I used FE/EIT Sample Examinations, (1st and 2nd Editions)- I think should be $40 + $40, FE Review Manual: Rapid Preparation for the General Fundamentals of Engineering Exam (F E Review Manual), 2nd ed ($67). I think that I do not use the NCEE sample so I can not tell you it is useful or not.

The first time which I study one chapter in one day and study word by word but the FE result is not I want it.

The second time I do not give myself a limit that I must finish this chapter today or tomorrow. I finish it only when I really understand this question. Therefore, I can be finish one chapter in a day, a half day, or 3-4 days. And it doesn't have to be perfect that one day for one chapter.

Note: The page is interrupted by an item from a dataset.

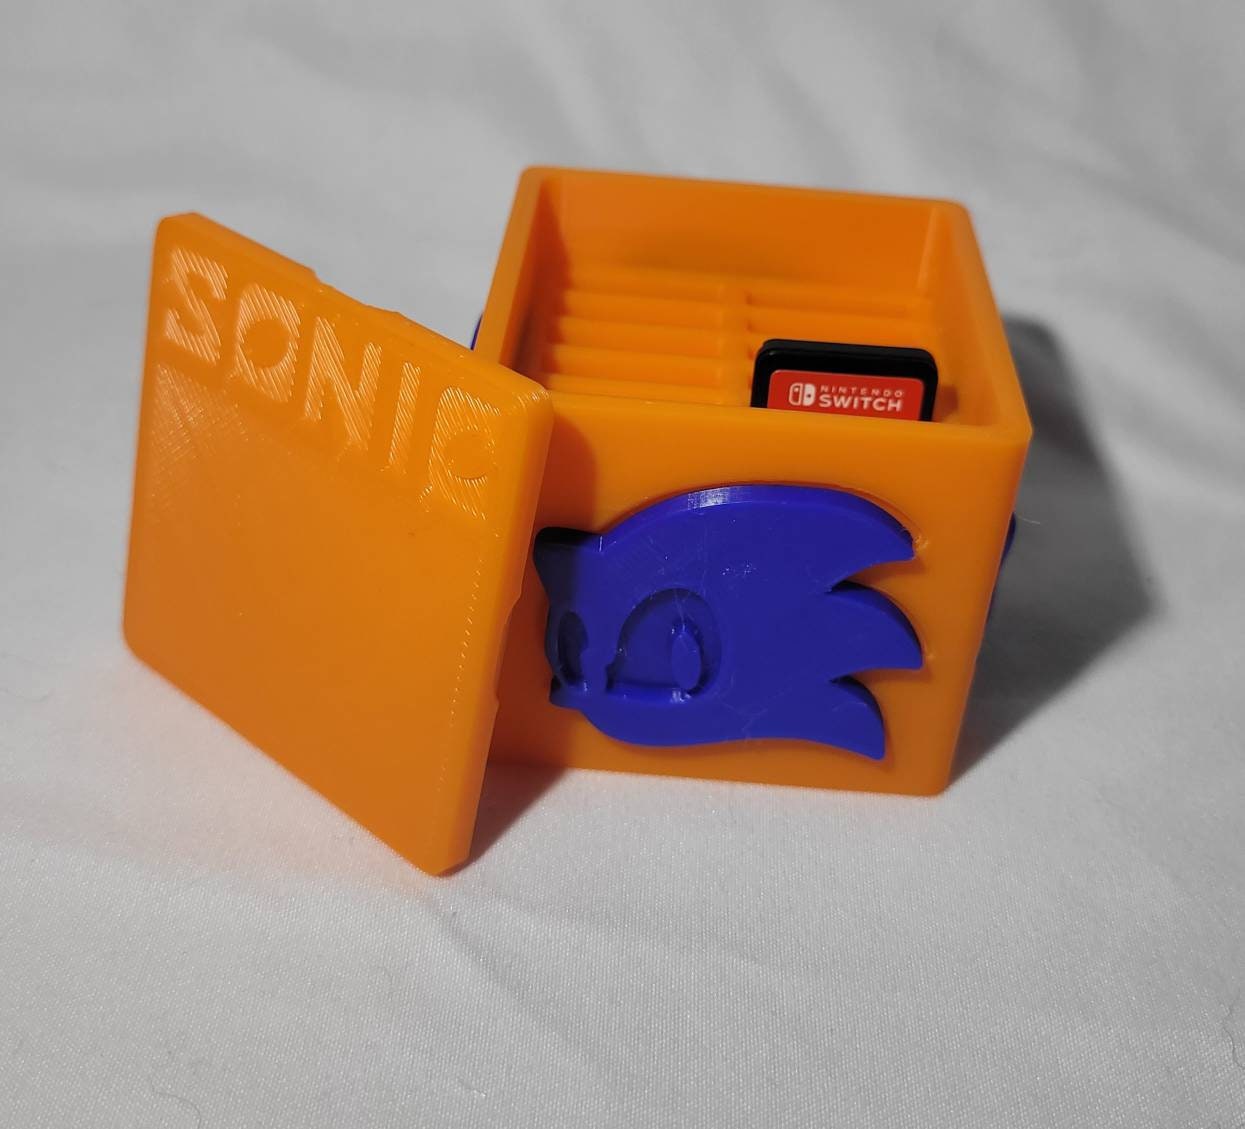 Sonic Switch Accessory Kit

The second time I focus on samples and less on FERM (big book) because I used the free on-line courses.


----------



## wvgirl14 (Jan 21, 2009)

chaocl said:


> I used FE/EIT Sample Examinations, (1st and 2nd Editions)- I think should be $40 + $40, FE Review Manual: Rapid Preparation for the General Fundamentals of Engineering Exam (F E Review Manual), 2nd ed ($67). I think that I do not use the NCEE sample so I can not tell you it is useful or not.
> The first time which I study one chapter in one day and study word by word but the FE result is not I want it.
> 
> The second time I do not give myself a limit that I must finish this chapter today or tomorrow. I finish it only when I really understand this question. Therefore, I can be finish one chapter in a day, a half day, or 3-4 days. And it doesn't have to be perfect that one day for one chapter.
> ...


Thanks! I will check out the review courses and look into the FE/EIT exam.


----------



## MikeR (Jan 21, 2009)

I would definitly get the NCEES exam. They write the exam.

When I did the FE exam. I studied the FERM, did the Lindeburg sample exam and a week before the exam took the NCEES sample test. Take off a day or two before the exam and relax. Getting enough rest and relaxing is key to doing well.


----------



## MikeR (Jan 21, 2009)

wvgirl14 said:


> Thanks! I will check out the review courses and look into the FE/EIT exam.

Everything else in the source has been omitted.